The FIS ruling followed an investigation in the summer by the Ski Association of Slovenia which "determined that violations had taken place at these competitions and imposed sanctions on certain persons within its jurisdiction". Its report was forwarded to FIS, whose decision to hand down sanctions on Tuesday followed written submissions and testimony at a hearing on Oct. 3.
At Sochi 2014, Mae raced for Thailand as Vanessa Vanakorn and finished last of the 67 competitors in the giant slalom.
FIS also banned four skiing officials from Slovenia and another from Italy for between one and two years for their involvement in the scam.
"At first we were laughing when we heard it.

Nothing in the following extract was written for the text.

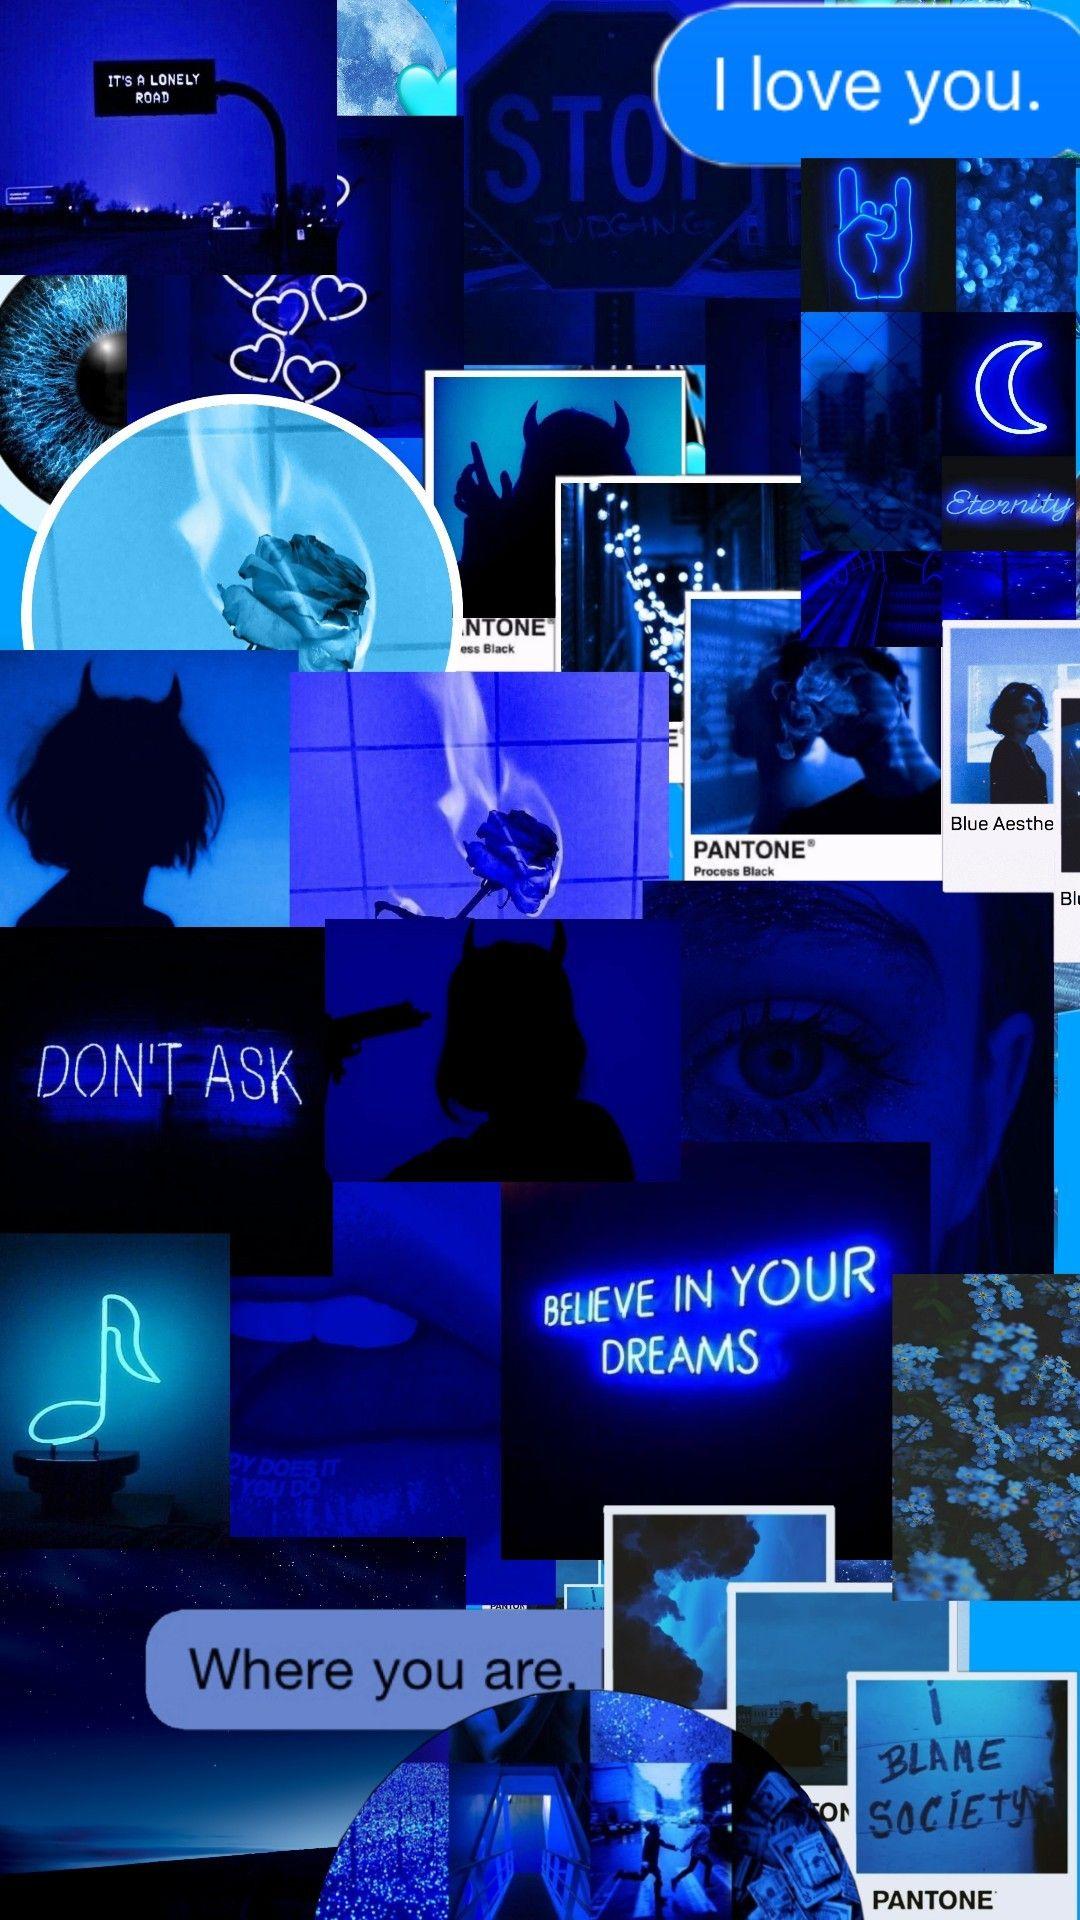 Led Neon Wallpaper Electric Blue Neon Blue Aesthetic J Yings3cr3tworld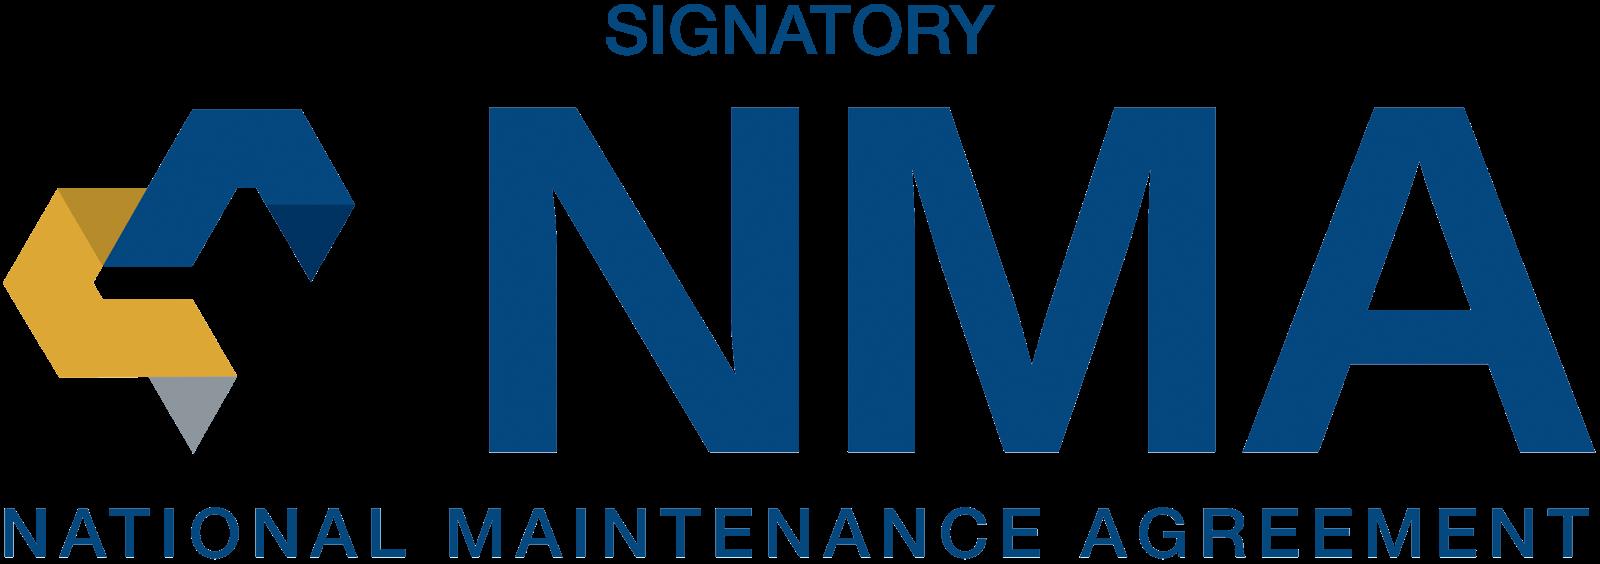 Nma Signatory Logo Motor City Electric Co

But then we realized it's quite a serious thing," FIS president Gian Franco Kasper told The Associated Press.
The IOC could decide to disqualify Mae from the Sochi Olympics.
The scandal is embarrassment for IOC president Thomas Bach and his Olympic Agenda 2020 reforms.
Bach appointed Mae to the culture policy commission, one of 14 working groups which has drafted 40 recommendations to bring changes to the Olympic Movement. They will be voted on at the IOC’s Extraordinary Session in Monaco next month.
In a statement, the IOC said it had taken note of the decision of the FIS Hearing Panel, which found that a number of athletes benefited from the manipulation of results and led to their qualifying for Sochi 2014.
"We have been informed by the FIS Hearing Panel of this decision but for reasons of fairness of process we will not comment further until any right to appeal has been exercised and there is a definitive final judgment," the IOC said.
"Should the judgment be confirmed the IOC will act on this in the framework of its policy of protecting the clean athletes, with zero tolerance towards the manipulation of results and any related corruption."
Mae can appeal the decision to the Court of Arbitration for Sport.